Docstring Coverage	✅ Passed	Docstring coverage is 100.00% which is sufficient. The required threshold is 80.00%.

_{✏️ Tip: You can configure your own custom pre-merge checks in the settings.}

Thanks for using CodeRabbit! It's free for OSS, and your support helps us grow. If you like it, consider giving us a shout-out.

❤️ Share

_{Comment @coderabbitai help to get the list of available commands and usage tips.}

graycyrus

Clean, well-structured PR — good test coverage across all four prompt surfaces, sensible defaults (None = no change), and the control-character stripping in normalize_output_language is a nice defensive touch.

One minor observation below on the locale mapping table; everything else looks solid.

Signed-off-by: sunilkumarvalmiki <g.sunilkumarvalmiki@gmail.com>

coderabbitai

🧹 Nitpick comments (3)

src/openhuman/memory/tree/score/extract/llm_tests.rs (1)
21-28: 💤 Low value

Consider asserting threading, not directive wording.

This test duplicates assertions that live with the output_language_directive helper itself (e.g., the Simplified Chinese mapping and the Keep JSON keys / importance_reason phrasing). Any future rewording of the directive will break this test even though the extractor's contract — "prepend the directive when configured" — is intact.

Consider checking that the prompt starts with (or contains) the directive returned by the helper, leaving the wording assertions to the helper's own tests:
♻️ Suggested refactor
 #[test]
 fn build_system_prompt_includes_output_language_directive() {
-    let p = build_system_prompt(true, Some("zh-CN"));
-    assert!(p.contains("Simplified Chinese"));
-    assert!(p.contains("Keep JSON keys"));
-    assert!(p.contains("\"importance_reason\""));
+    let directive = crate::openhuman::config::output_language_directive(Some("zh-CN"))
+        .expect("zh-CN should produce a directive");
+    let p = build_system_prompt(true, Some("zh-CN"));
+    assert!(p.contains(&directive), "prompt should embed the language directive");
+    // The directive must appear before the extractor's role description so
+    // the model reads it first.
+    let directive_pos = p.find(&directive).unwrap();
+    let role_pos = p.find("You are a named-entity extractor").unwrap();
+    assert!(directive_pos < role_pos);
 }
🤖 Prompt for AI Agents
Verify each finding against current code.
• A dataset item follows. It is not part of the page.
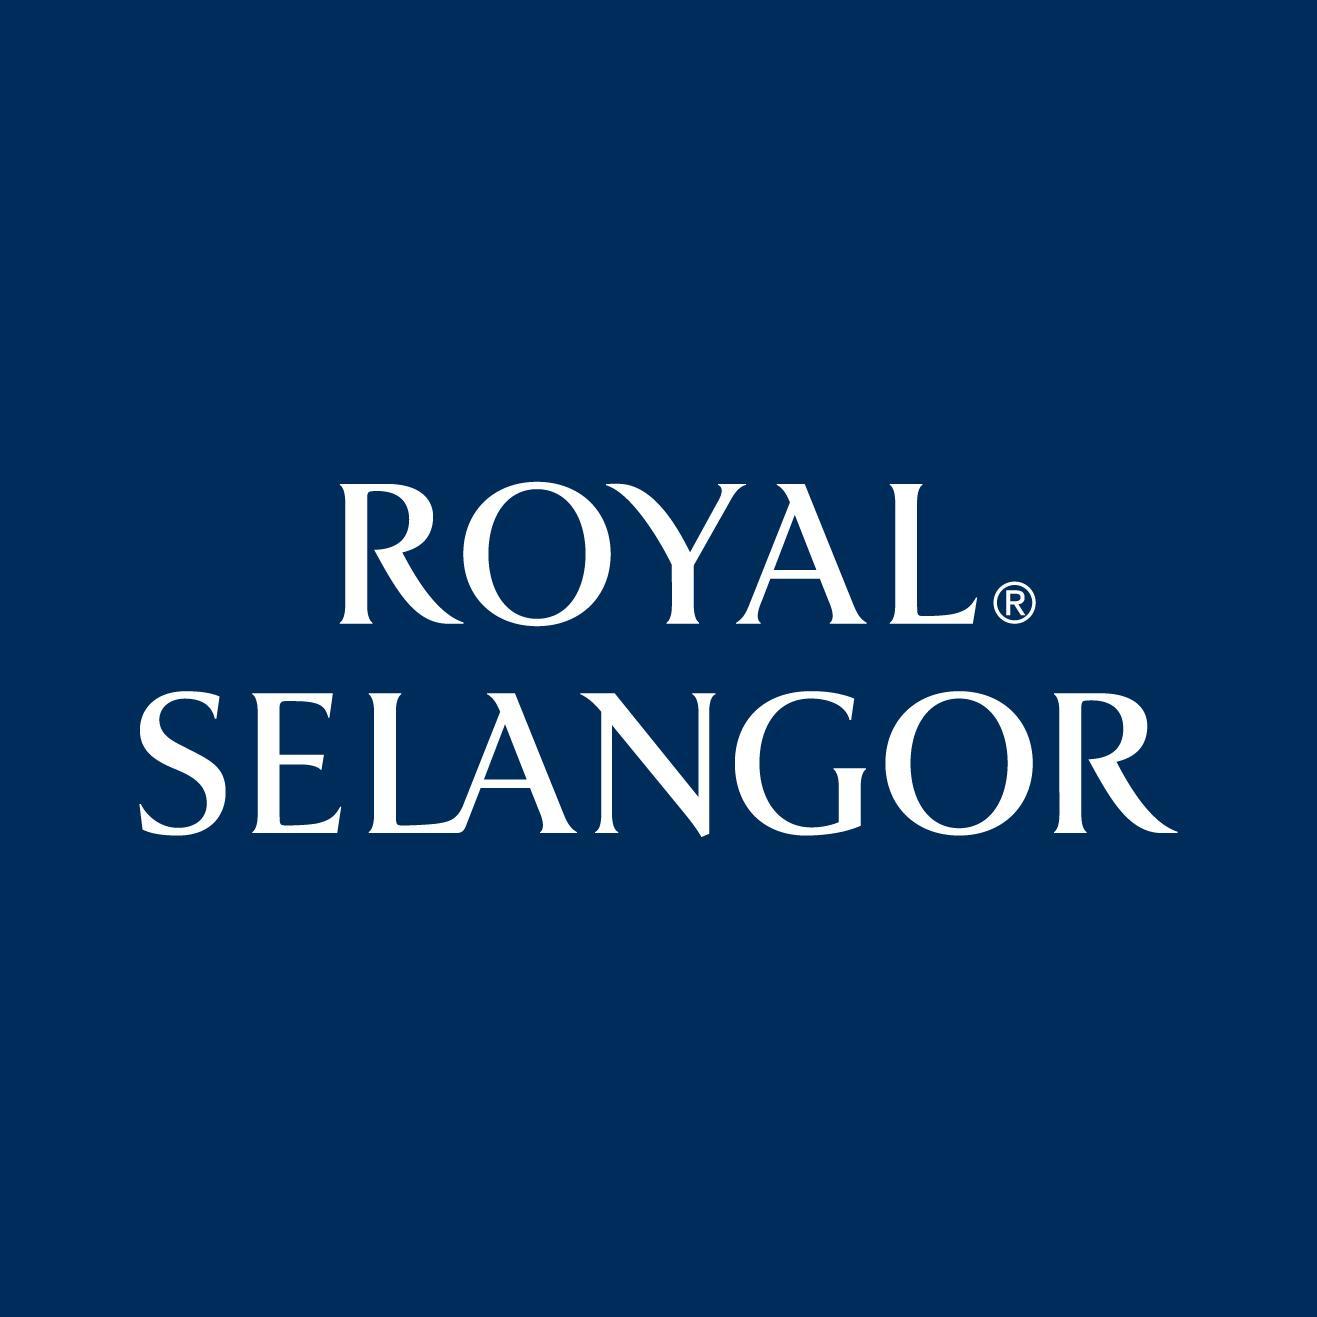 Since 1885, design and craftsmanship have defined Royal Selangor, the world's foremost name in quality pewter gifts and home accessories.

Fix only still-valid issues, skip the
rest with a brief reason, keep changes minimal, and validate.

In `@src/openhuman/memory/tree/score/extract/llm_tests.rs` around lines 21 - 28,
The test build_system_prompt_includes_output_language_directive should assert
that build_system_prompt(true, Some("zh-CN")) contains (or starts with) the
exact directive produced by the existing helper output_language_directive(true,
Some("zh-CN")) rather than duplicating its wording; update the assertions to
call output_language_directive and check containment (e.g.,
assert!(p.contains(&output_language_directive(true, Some("zh-CN"))))) so the
test verifies that the directive is prepended without coupling to its text.
src/openhuman/memory/tree/tree_source/summariser/llm.rs (2)
315-320: 💤 Low value

Minor formatting glitch when output_language is set in plain-text mode.

In the non-structured path, language_directive is appended as \n\n{directive} and then immediately followed by a space + No commentary, no preamble... on the same line. When a directive is present this yields:
...Return the summary text first.

<directive text> No commentary, no preamble, no headings, ...
i.e. the trailing constraints run onto the same line as the directive. It's still readable, but a \n\n separator (matching the structured branch on line 323) would keep the prompt shape consistent and easier to grep.
✏️ Suggested tweak
     if !structured_facets {
         return format!(
-            "{base}{language_directive} No commentary, no preamble, no headings, \
-             no markdown wrappers, no JSON — just the prose summary."
+            "{base}{language_directive}\n\n\
+             No commentary, no preamble, no headings, no markdown wrappers, \
+             no JSON — just the prose summary."
         );
     }
🤖 Prompt for AI Agents
Verify each finding against current code. Fix only still-valid issues, skip the
rest with a brief reason, keep changes minimal, and validate.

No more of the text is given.